EXCLUSIVELY ON "60 MINUTES": RARE VIDEO OF A 2017 SARIN GAS ATTACK ON SYRIAN CIVILIANS SHOWS THE HORRORS OF THE WAR THAT CONTINUES TO RAGE IN SYRIA

100 Killed, 200 Injured - Mostly Women and Children -- in the Syrian Town of Khan Shaykhun

"Like the Apocalypse," Says Doctor Treating Victims

60 MINUTES has obtained rare video of the Syrian gas attack on civilians that drew a 59-missile response by the U.S. military last year. The disturbing high-definition video, shown publicly for the first time, exposes the horrible effects of these internationally banned weapons that the Syrian dictator Bashar al-Assad continues to use to massacre his people. There have been six known gas attacks by the Syrian government since the New Year and approximately 200 since 2011. Scott Pelley's story about this sarin nerve gas attack that killed an estimated 100 people and injured 200 in a Syrian town will be broadcast on 60 MINUTES Sunday, Feb. 25 (7:00-8:00 PM, ET/PT) on the CBS Television Network.

The farming village of Khan Shaykhun in rebel-held territory was bombed with sarin gas on April 4, 2017, says Edmond Mulet, who led an investigation by the United Nations and the Organisation for the Prohibition of Chemical Weapons into the attack. "We have the big crater, sarin was released... around a hundred were killed," he tells Pelley. "More than 200 were affected, mainly children and women."
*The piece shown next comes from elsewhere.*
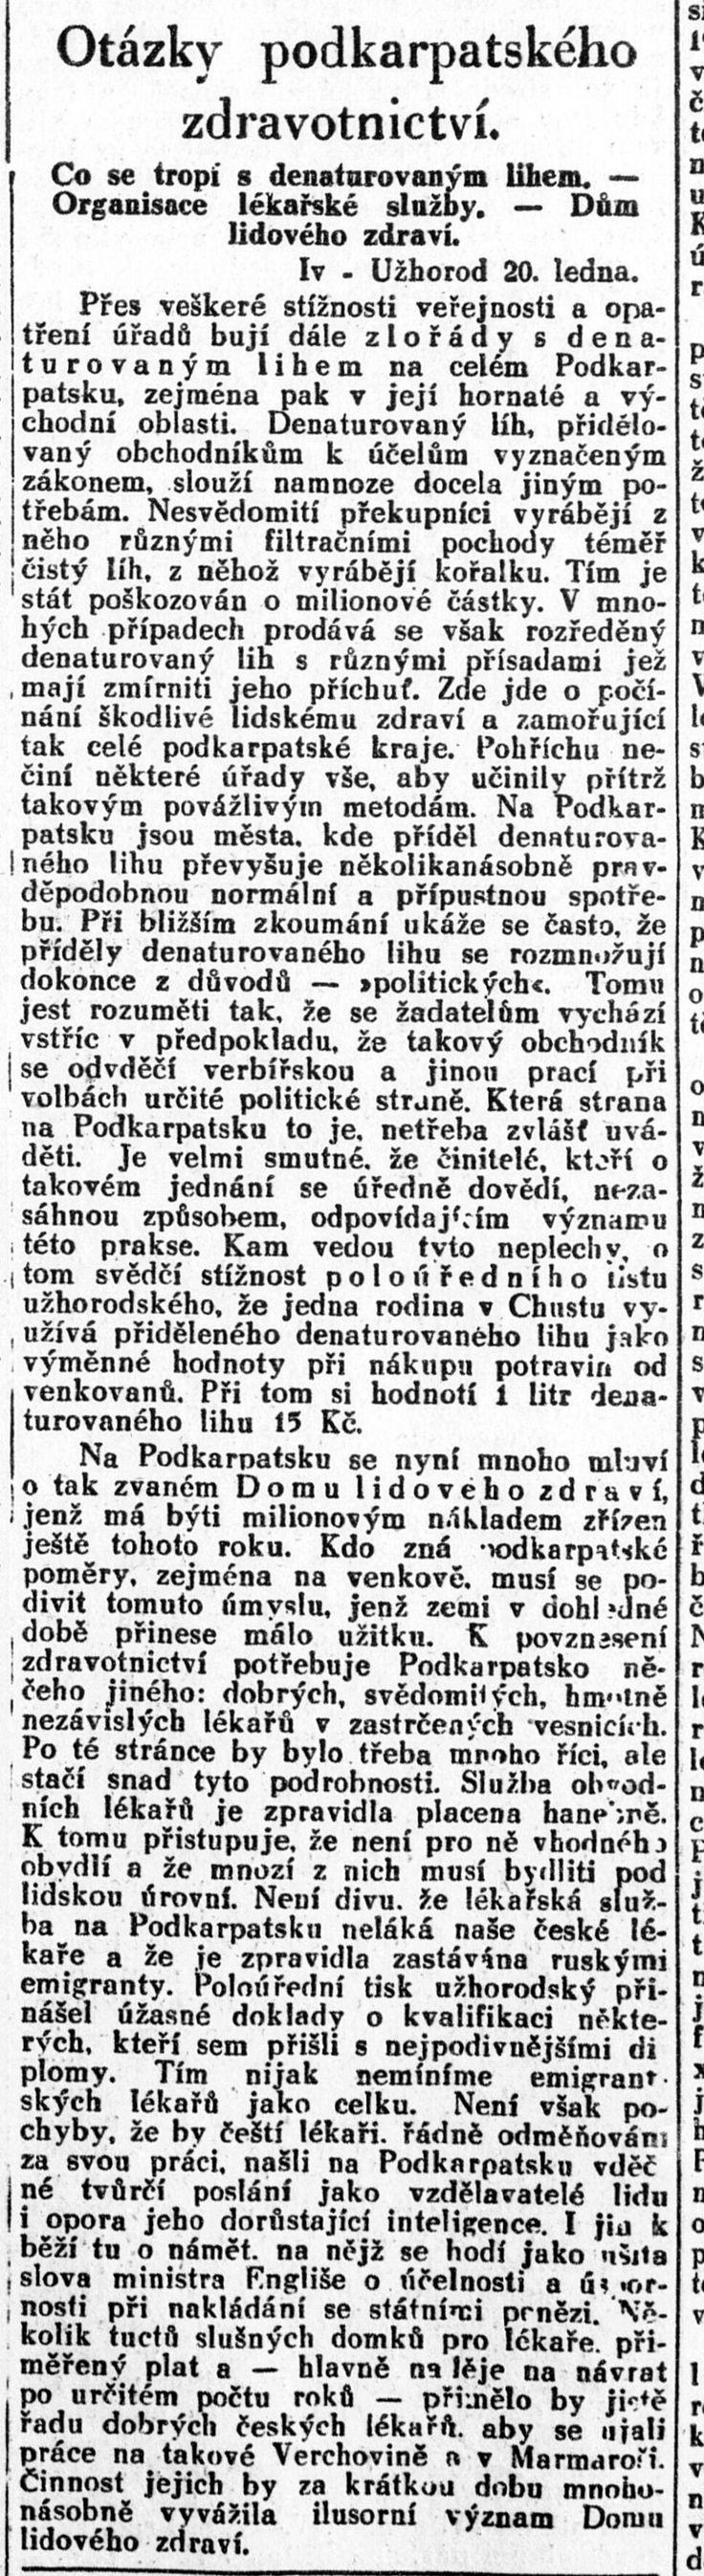 Lidové noviny, 22.1.1930

Syrian Civil Defense first responders, better known as the "White Helmets," came to the aid of the victims and took much of the graphic video seen in Pelley's report. "People were fainting, completely unconscious... trembling and convulsions, foam coming out of the... mouth. Some people were already dead," recalls Mustafa al-Haj Yousef, the White Helmets supervisor.

Pelley spoke to a doctor who treated the victims. Dr. Mamoun Morad inhaled traces of the gas as well. His throat was still raspy months after the attack. Those closest to the bombing, especially children, suffered the most. "We washed the boy... washed... washed... washed... but he didn't make it... .There are no words. It was like Judgment Day, the Apocalypse."

Pelley spoke to Mulet a few hours before he lost his job; Syrian ally Russia used its veto power on the U.N. Security Council to end Mulet's investigation into Syrian chemical weapons. "The investigations we have conducted have proven that the sarin that has been used in Syria has come from an original stockpile... distilled by the Syrian government some years ago," he says.

The Syrians claim the rebels staged the attack to make the government look bad. But Mulet says it would have been too difficult for them. "You need very sophisticated and big laboratories to [make sarin]... one single drop here right now would be killing everybody in this studio."